Set down each line of the data below exactly as it stands, dropping the pictures.

- Information shown
▼
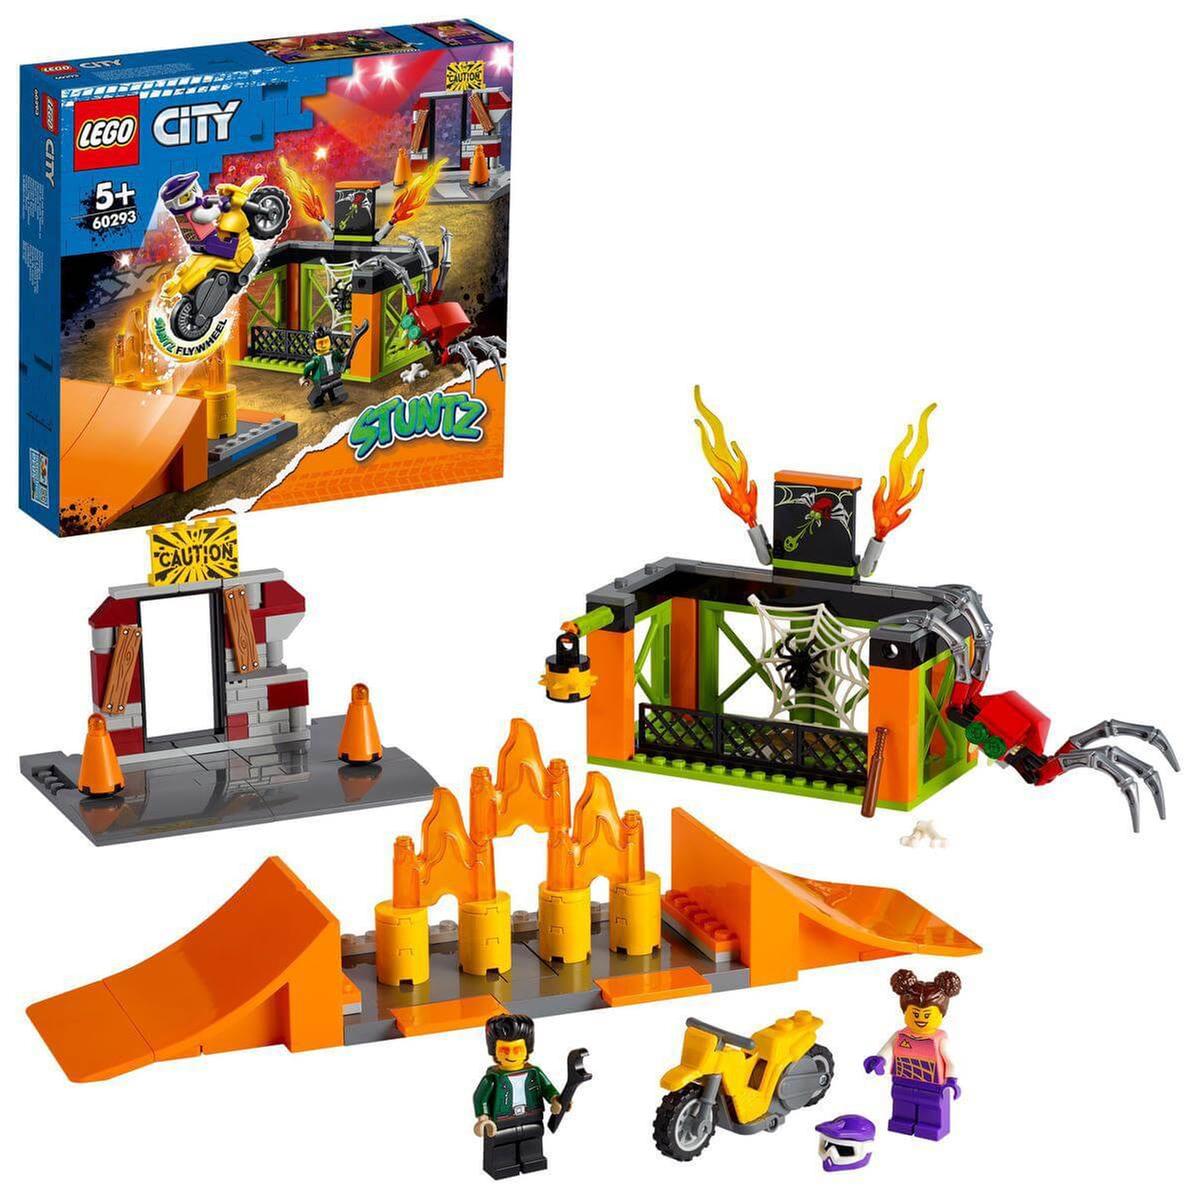 LEGO City - Parque acrobático - 60293 | Lego City | Toys"R"Us España
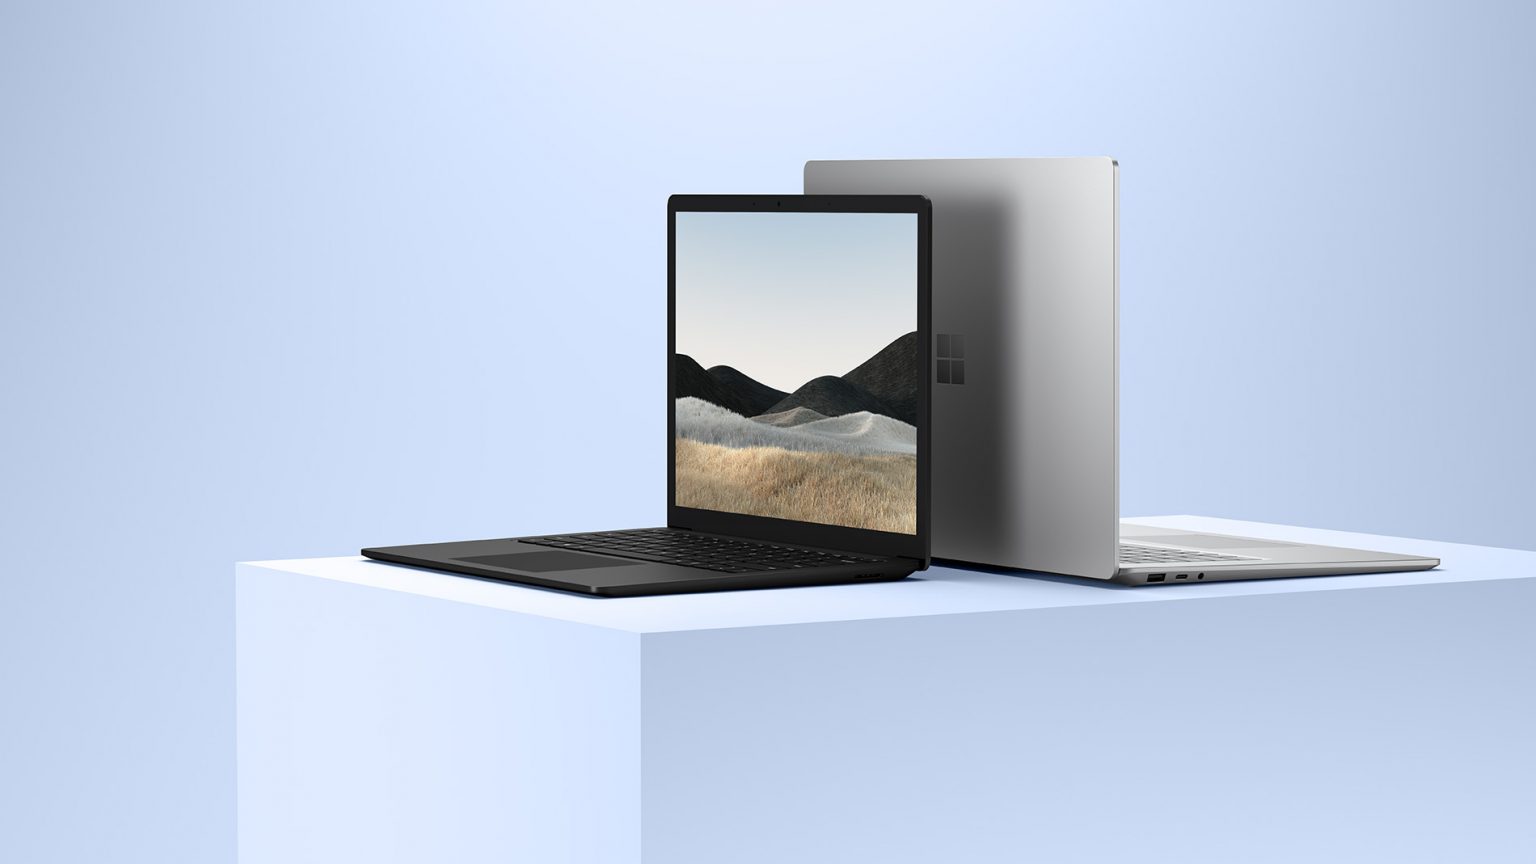 【美品】Surface Laptop 4  13.5インチ/512GB ⑥
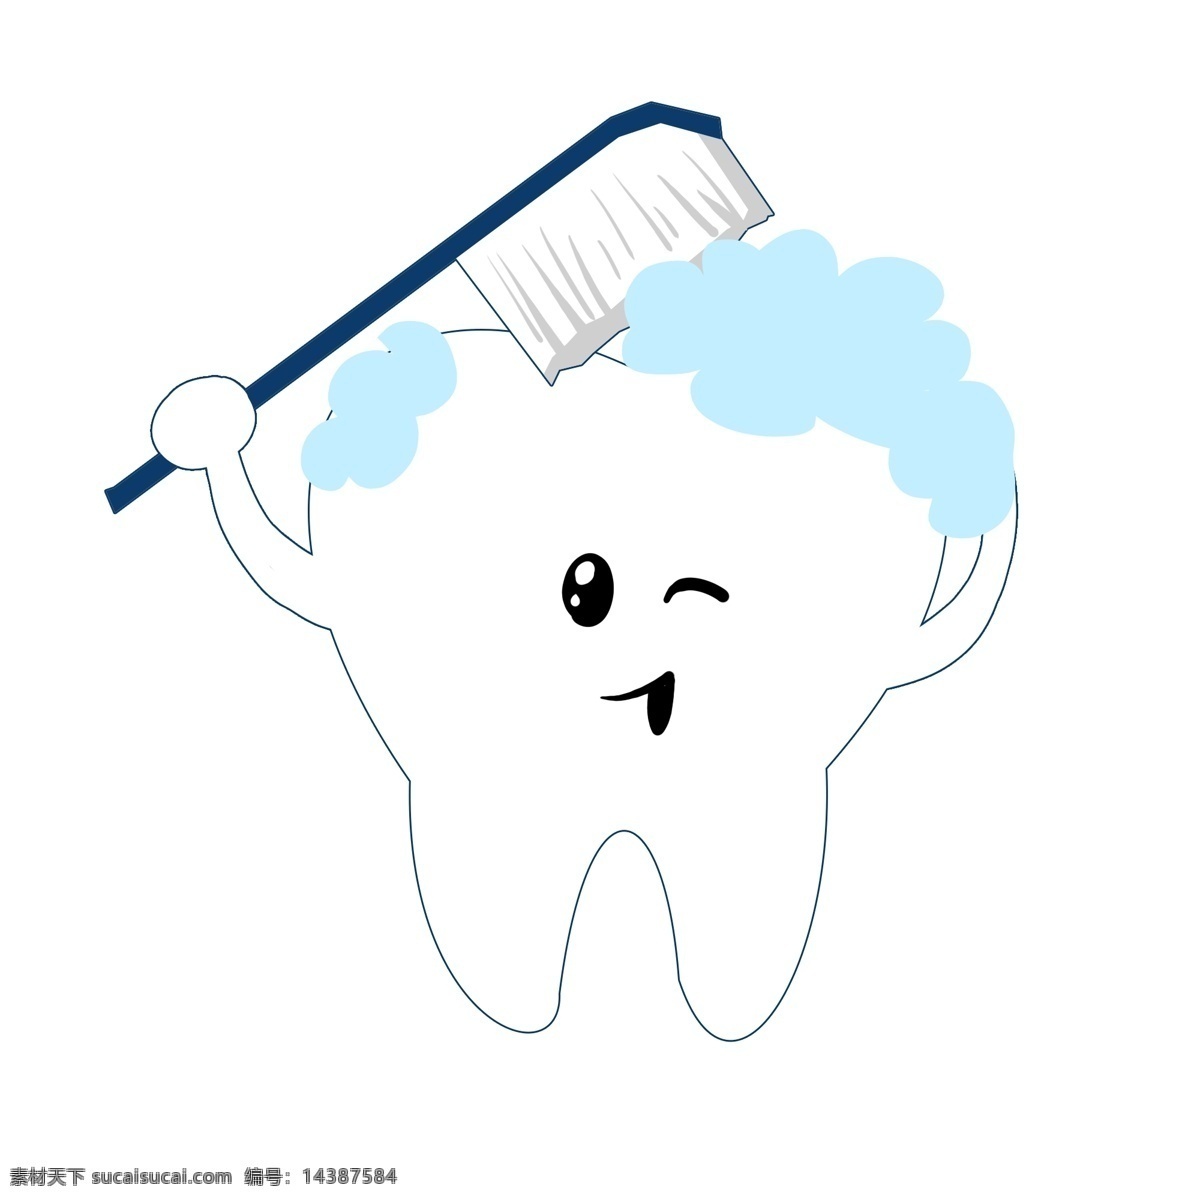 卡通 创意 刷牙 插图 口腔 白色的牙齿 漂亮的牙齿 可爱的牙齿 蓝色的牙刷 蓝色的牙膏 人体器官
▲
- Solution
 LEGO City - Parque acrobático - 60293 | Lego City | Toys"R"Us España
 【美品】Surface Laptop 4  13.5インチ/512GB ⑥
 卡通 创意 刷牙 插图 口腔 白色的牙齿 漂亮的牙齿 可爱的牙齿 蓝色的牙刷 蓝色的牙膏 人体器官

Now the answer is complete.